Case management records and the ISP in SNALRs shall identify resistance to care and include a care plan to address it. Food is to be offered outside of usual meal time and in a manner acceptable to special needs. The care plan should reflect functional abilities, preferences and diet. Unless contrary to orders, prescribed nutritional supplements shall be provided between meals. In addition, weather permitting, residents must be provided daily outdoor activities.

Once suit based upon a violation is filed it is necessary to proceed with all resources available to the practitioner.

Practice Points: In discovery, demand all policies and procedures of the facility, and copies of all contractual agreements between health care providers and the facility.

A claim for breach of contract under appropriate consumer protection laws should be considered as it may allow for additional damages and broader discovery.

Weigh a claim for breach of contract under appropriate consumer protection laws. This may allow for additional damages and broader discovery.

Conclusion

Change in the long-term care industry has arrived. A clear understanding of the legal landscape is crucial. It is the role of counsel to secure the appropriate remedy, and to help prevent harm from recurring.

Endnotes:

1. Residents Living in Residential Care Facilities: United States, 2010, NCHS Data Brief No. 91, Centers for Disease Control and Prevention, April 2012 Residential Care Facilities: A Key Sector in the Spectrum of Long-Term Care Providers in the United States, NCHS Data Brief No. 78, Centers for Disease Control and Prevention, December 2011.

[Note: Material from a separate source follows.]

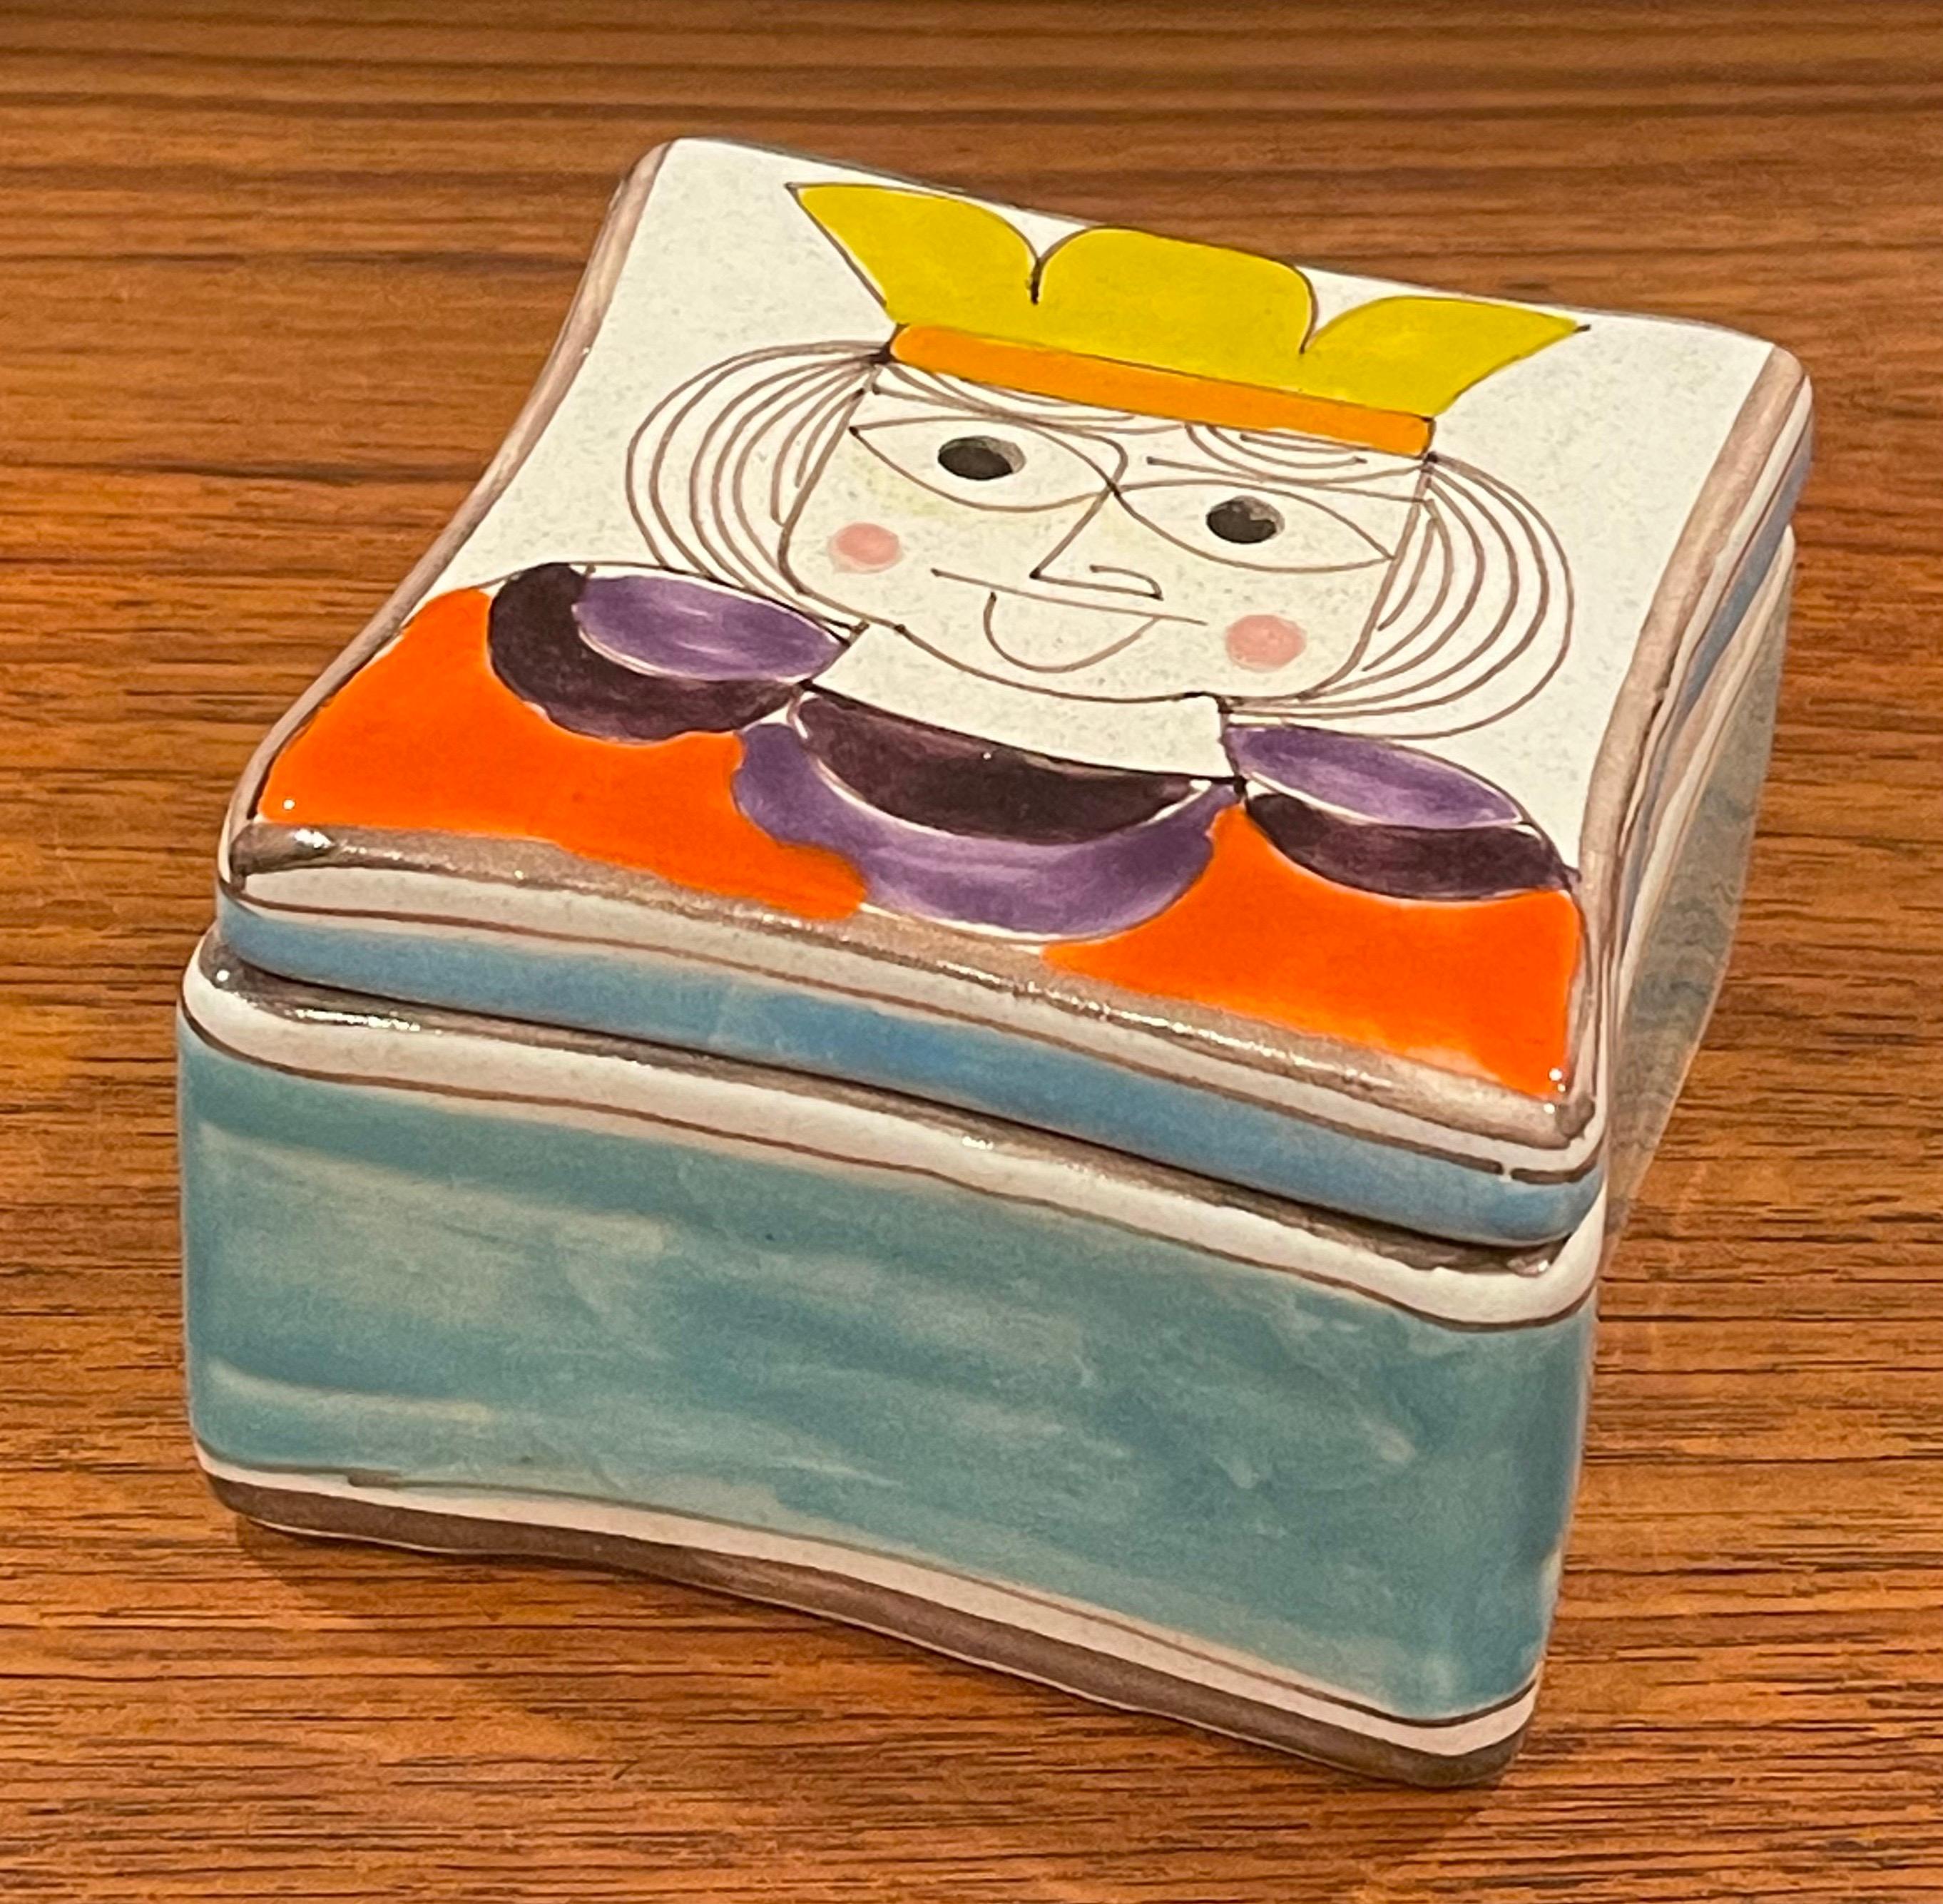 A wonderful and colorful Giovanni Desimone hand painted lidded trinket box, circa 1970s. The handcrafted ceramic box was made in Italy and measures 4.4

2. The Older Population: 2010, U.S. Census Bureau, November 2011.

3. A Profile of Older Americans: 2011, Administration of Aging, Department of Health and Human Services, 2011.

4. Regulatory Impact Statement, New York State Department of Health (http://www.health.ny.gov/facilities/assisted_living/adopted_regulations/docs/regulatory_impact_statement.pdf).

5. Public Health Law (PHL) Section 4651 and Title 10 of the New York Codes Rules and Regulations (NYCRR), Chapter X, Section 1001.2.

6. Public Health Law (PHL), Article 46-b, Section 4650.

7. Subdivision 25 and 28 of Section 2 of the Social Services Law.

8. Title 10 of the New York Codes Rules and Regulations (NYCRR), Chapter X, Section 1001.7.

9. Title 10 of the New York Codes Rules and Regulations (NYCRR), Chapter X, Section 1001.8.

10. Title 10 of the New York Codes Rules and Regulations (NYCRR), Chapter X, Section 1001.8.

11. Title 10 of the New York Codes Rules and Regulations (NYCRR), Chapter X, Section 1001.10.

12. Title 10 of the New York Codes Rules and Regulations (NYCRR), Chapter X, Section 1001.10.